Building a sound business is about making educated guesses in your business plan about what kind of numbers you expect your business to pull and then, through operation, seeing if your numbers were accurate. Yet, so many businesses that have sales just ignore the fact that they need to confirm their business model and use its insights to help find better profitability. In this article, I’m going to discuss with you the common pitch deck metrics, what they mean, and how to determine how your business performs.
Churn
What it means: a customer churns when they pay you money and then stop paying you money. Startups use churn to talk about a lot of different metrics and it’s pretty important that you be specific in your pitch which definition of churn you’re using. When people just say “churn” they’re talking about the percentage of their membership they lose in a given period of time (usually 1 month or 1 quarter). You can also talk in terms of “churn rates.” A six-month churn rate is the percentage of people who are still paying you after 6 months.
How to calculate churn rate: (Paying Customers On 1st of Month – Number of These Customers Still Paying on 30th of Month) / Paying Customers On 1st of Month. Do not add customers that sign up within the month… this is traction, a separate metric.

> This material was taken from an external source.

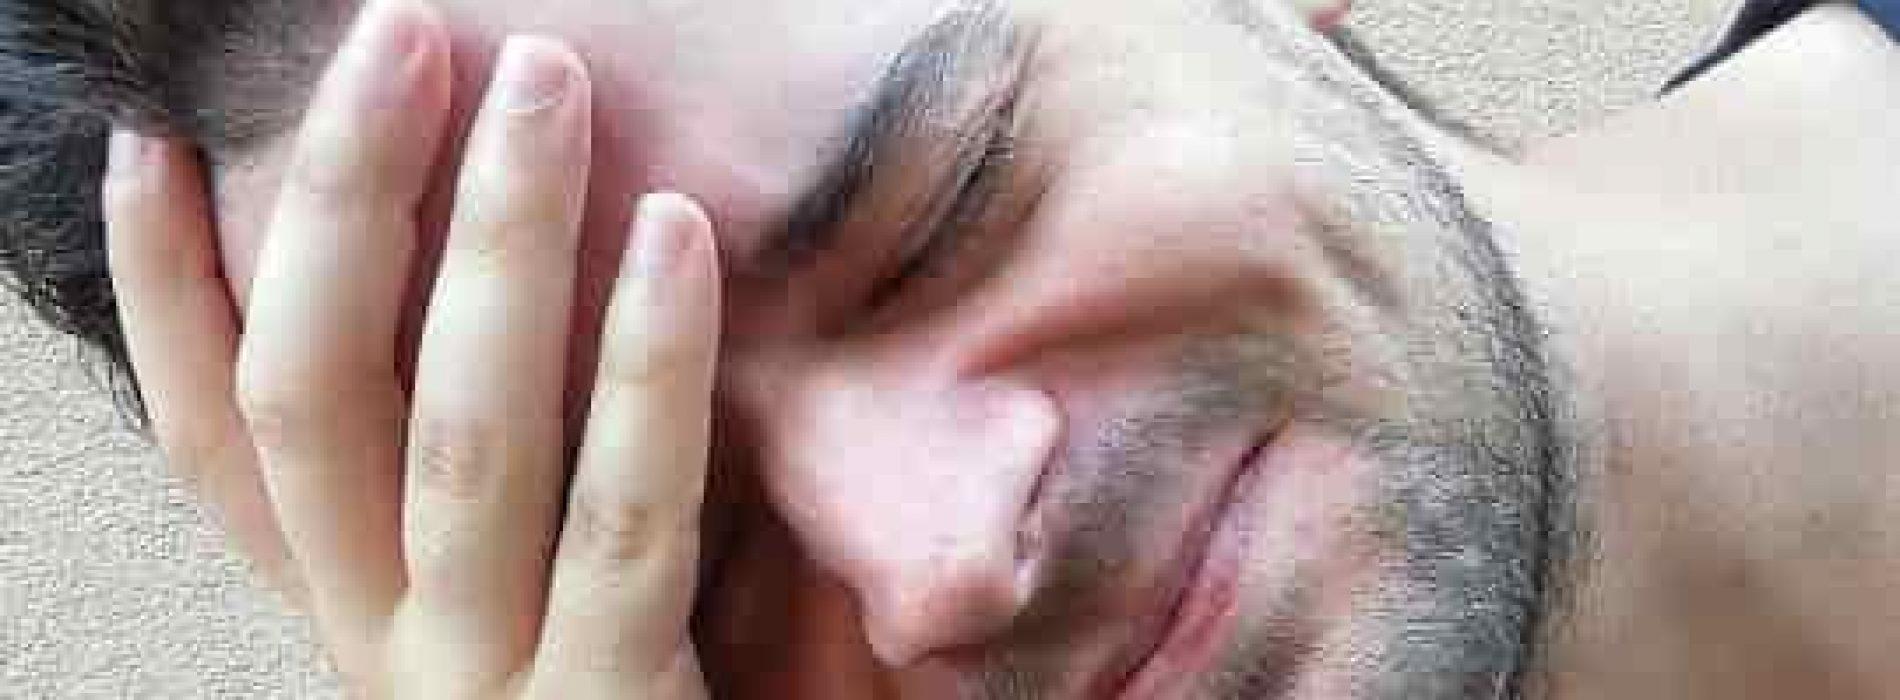 Migrene symptomer, diagnose og ulike faser

Example: 1000 Customers on the 1st, 950 still paying next month. Churn rate = (1000-950)/1000 or 5%
Cost Per Acquisition
What it means: how much you spend in labor, supplies, and direct costs to acquire a customer. Your CPA must be lower than your LTV.
How to calculate CPA: Costs / Customers Acquired. Typically you would prefer splitting your CPA numbers into separate calculations by each channel of acquisition. Really smart COOs will be able to implement a multi-touch attribution model that begins to tease apart if some channels contribute to lower CPAs.
Example: If I buy a $5,000 billboard and bring in 1,000 customers, my CPA (on this billboard) is $5.
Lifetime Value
What it means: how much you expect the customer to pay you over your entire relationship
How to calculate LTV: The simplest construction is LTV = ( Total Revenue / Number of Customers ), though this is descriptive rather than prescriptive. A more complicated calculation is LTV = ( Average Purchase * Purchases Per Month ) / Monthly Churn Rate
Example: $100 Avg Purchase * .25 Purchases Per Month (Quarterly) / 5% Churn Rate = $500 LTV
Putting It All Together
Here’s a pitch that any VC in the world would love to hear: “Over the last year, we spent $10,000 in labor and costs in the sales department and we earned 500 new customers for a CPA of $20. These customers churn at 21% and average $18/month in revenue for an LTV of $85 each. Our method of customer acquisition is repeatable and scalable and we’re asking for $100k to repeat it.”
Even that’s not a lock to get funded, but it can help shore up some of the hesitations that investors will naturally have about spending money on marketing. Even with a $20 CPA and an $85 LTV, your business will be unprofitable if your cost to deliver the service exceeds $65, but at the very least, thinking in terms of customer profit metrics and locking down what the actual numbers look like early is crucial for startups looking for funding, whether it’s from a VC, bank, or startup competition.